The device 610a includes a command system unit 611a, a monitoring unit 612a, and a communication processing unit 613a. Further, the device 610b includes a command system unit 611b, a monitoring unit 612b, and a communication processing unit 613b. Further, the device 610c includes a monitoring unit 612c and a communication processing unit 613c.
As described above, in the communication device 600r according to the configuration example 3, the device 610a and the device 610b are provided with the command system unit, but the device 610c is not provided with the command system unit.

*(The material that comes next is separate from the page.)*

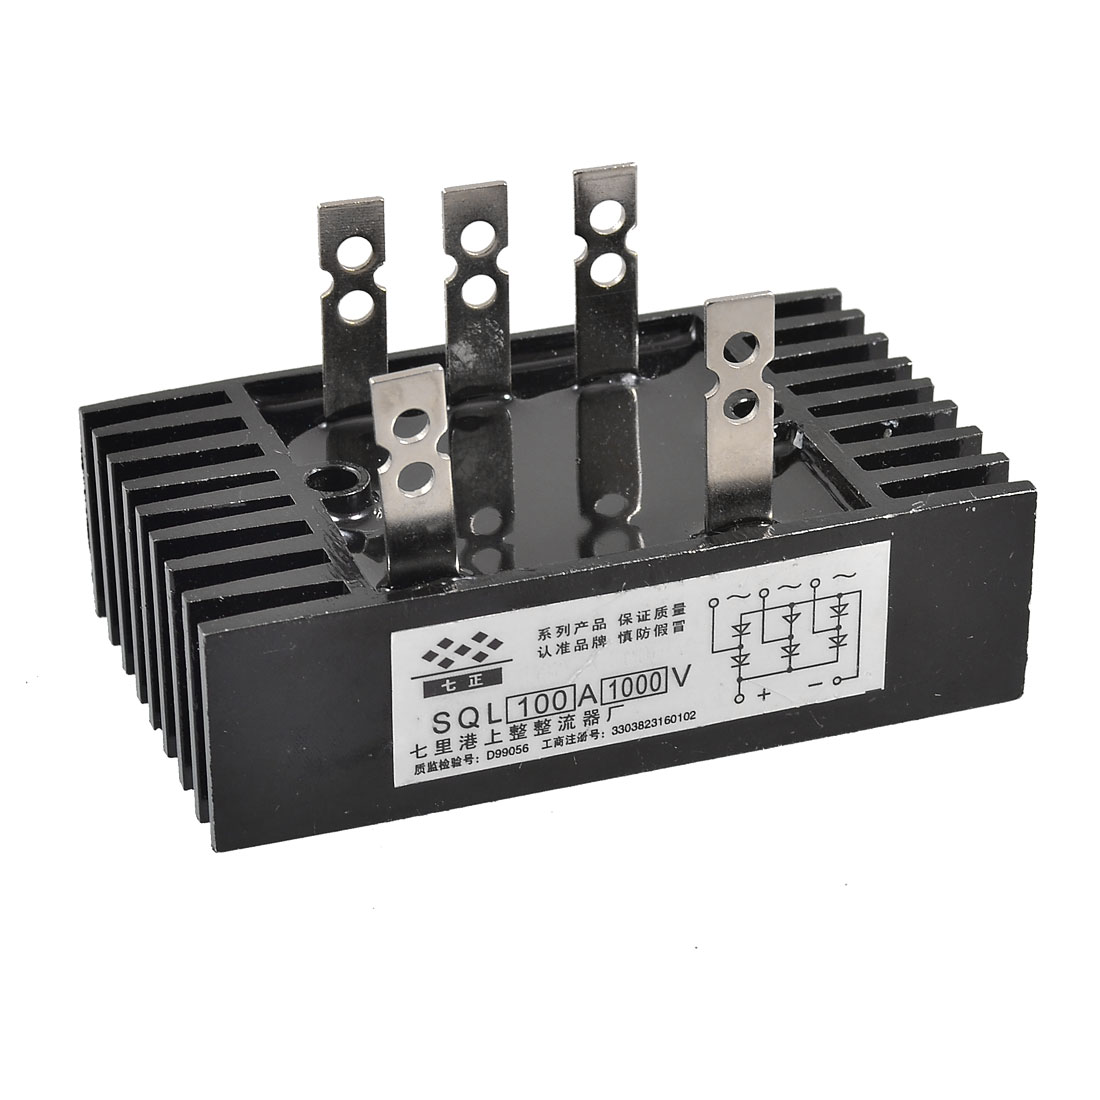 SQL 100A 1000V 3 Phase Diode Metal Case Bridge Rectifier

The command system unit 611a of the device 610a and the command system unit 611b of the device 610b can cause the power supply unit 640 to reset the power supply of the entire communication device 600p by outputting a power supply reset instruction to the power supply unit 640.

The monitoring unit 612c of the device 610c can cause the device 610a to reset the device 610a by outputting a reset instruction to the device 610a.

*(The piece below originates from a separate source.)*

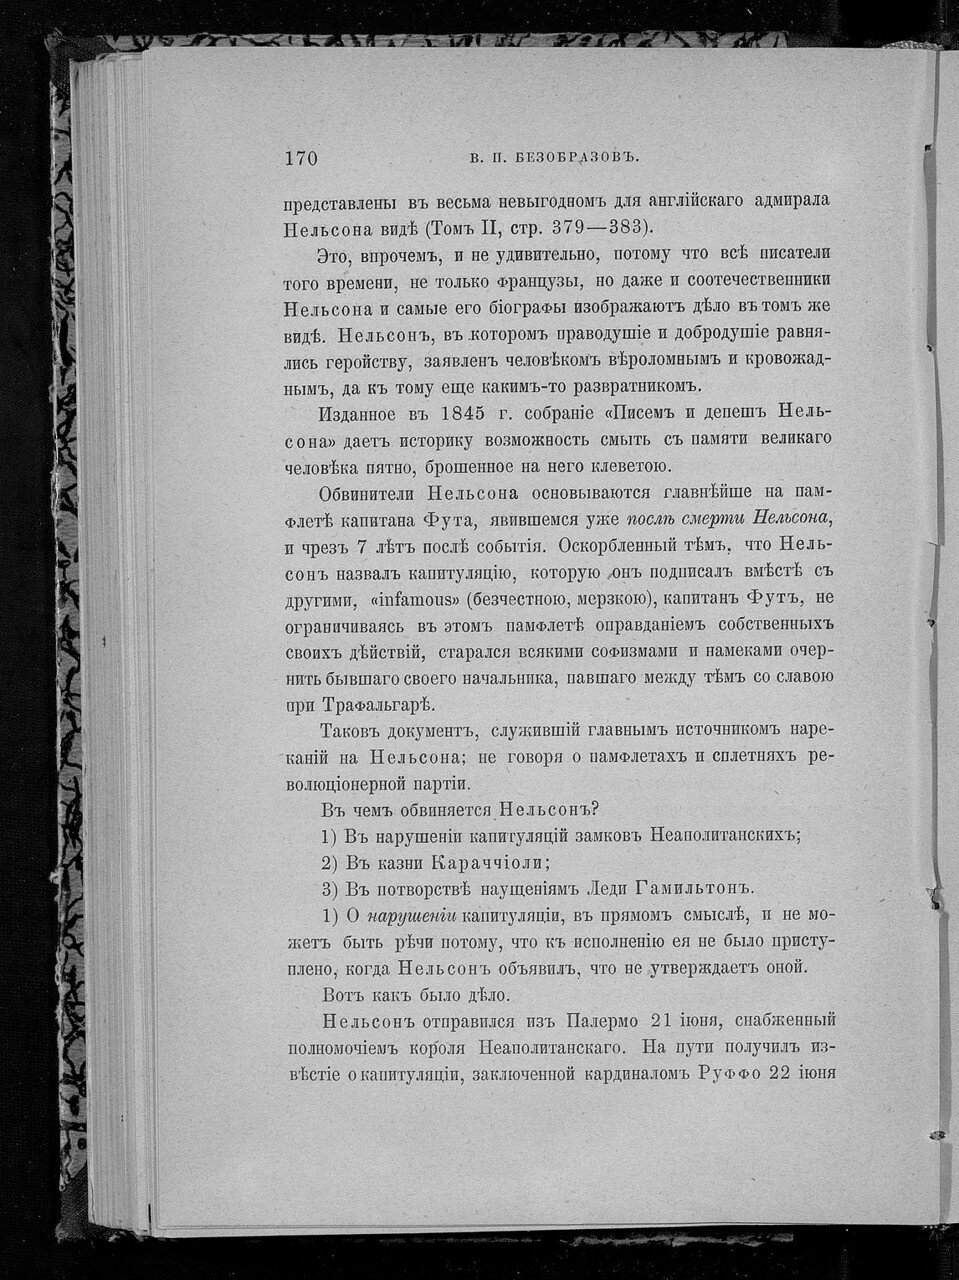 https://img-fotki.yandex.ru/get/879536/199368979.d6/0_21de48_4aa51a31_XXXL.jpg

The monitoring unit 612a of the device 610a can detect that an error has occurred in the communication processing unit 613b of the device 610b and the communication processing unit 613c of the device 610c. When the monitoring unit 612a detects that an error has occurred in the communication processing unit 613b or the communication processing unit 613b, the command system unit 611a of the device 610a outputs a power reset instruction to the power supply unit 640.

The monitoring unit 612b of the device 610b can detect that an error has occurred in the communication processing unit 613a of the device 610a. When the monitoring unit 612b detects that an error has occurred in the communication processing unit 613a, the command system unit 611b of the device 610b outputs a power reset instruction to the power supply unit 640.

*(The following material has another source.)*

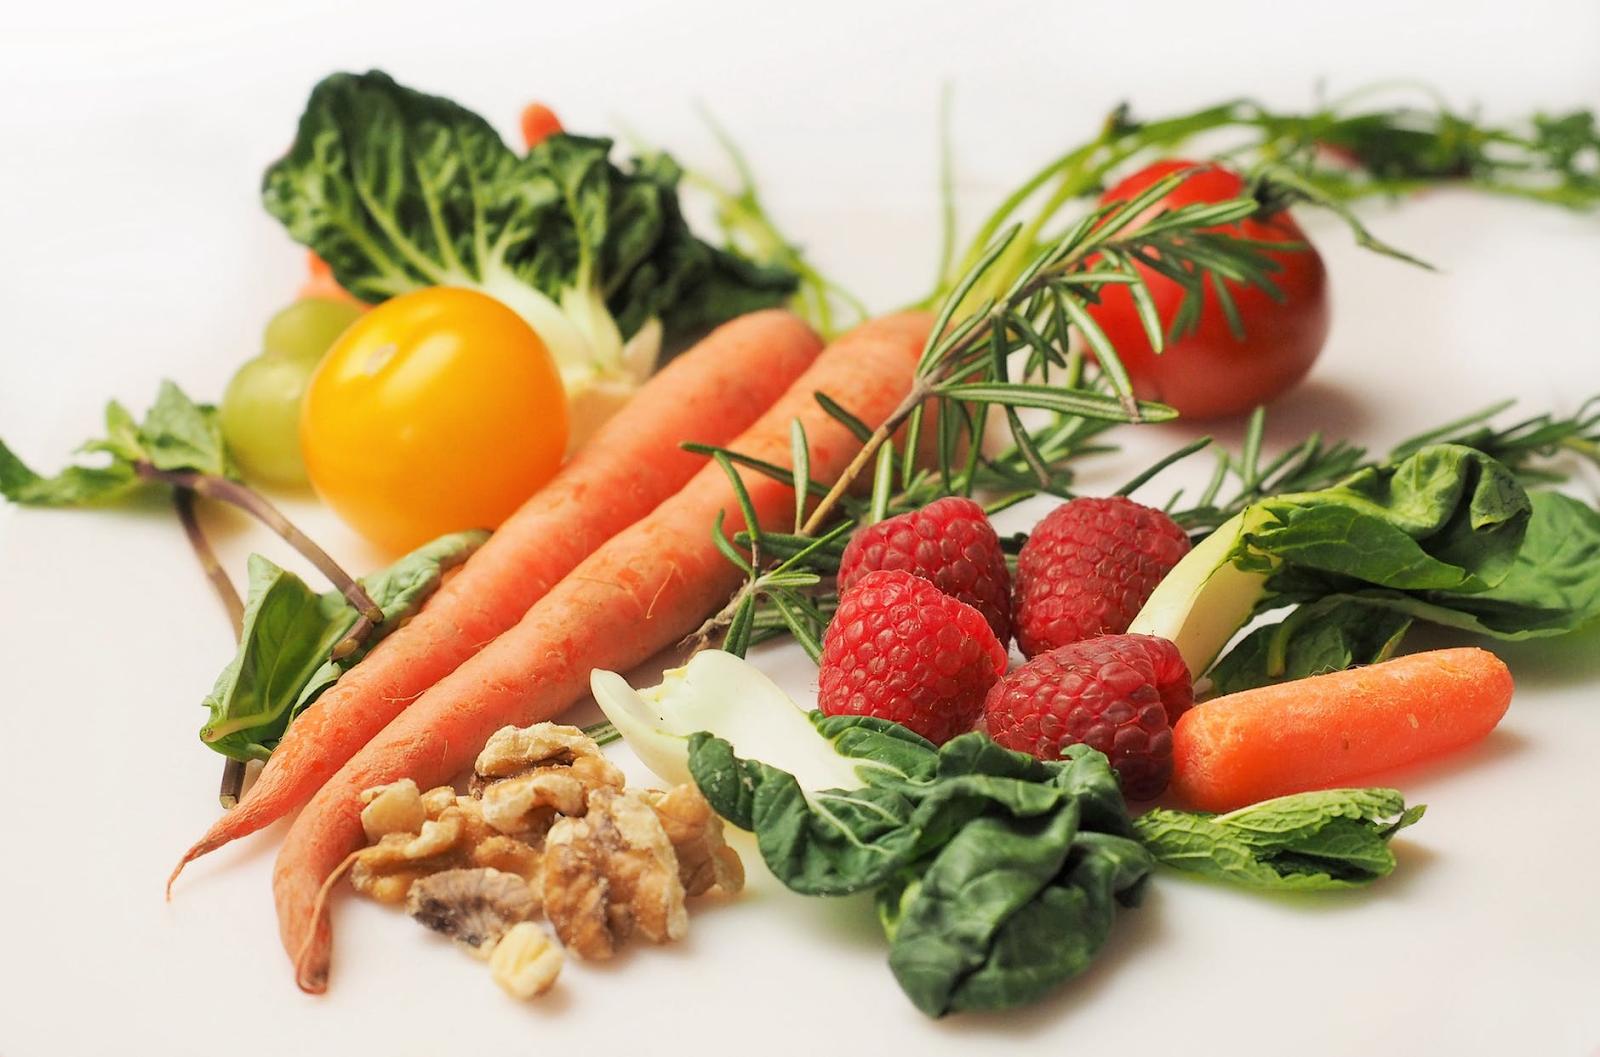 Vegetables, nuts, and berries

The monitoring unit 612c of the device 610c can detect that an error has occurred in the communication processing unit 613a of the device 610a. When the monitoring unit 612b detects that an error has occurred in the communication processing unit 613a, the monitoring unit 612b outputs a reset instruction to the device 610a.

As described above, when the communication device 600r according to the configuration example 3 detects that an error has occurred in the communication processing unit of the other device, if one device has a command system unit. The power supply unit 640 is made to reset the power supply, and if one device does not have the command system unit, the other device is reset.

<Second embodiment>
Hereinafter, the second embodiment of the present invention will be described with reference to the drawings. The overall configuration diagram of the communication system 1 and the schematic block diagram showing the functional configuration of the ONU 100 in the second embodiment described below are the same as those in the first embodiment (that is, FIGS. 1 and 2, respectively). The same applies to the above), so the description thereof will be omitted.

[Device operation]
FIG. 8 is a flowchart showing the operation of the device 110 according to the second embodiment of the present invention. The flowchart shown in FIG. 8 starts when an error occurs in the ONU 100. The error referred to here includes not only an error generated in the other device 110, but also an error generated in the own device 110 and an error generated in another member (member other than the device 110) in the ONU 100. You may be.

The control unit / device monitoring unit 112 initializes the variable M by substituting 0 for the value of the variable M indicating the counter that counts the number of times the power reset instruction is output (step S201). The left-pointing arrow shown in steps S201 and S205 of the flowchart of FIG. 8 means an operation of substituting the value on the right side into the variable on the left side. The value of the variable M is temporarily stored in, for example, a storage medium (not shown) included in the control unit / device monitoring unit 112. The storage medium referred to here is, for example, a cache memory mounted on a CPU or the like.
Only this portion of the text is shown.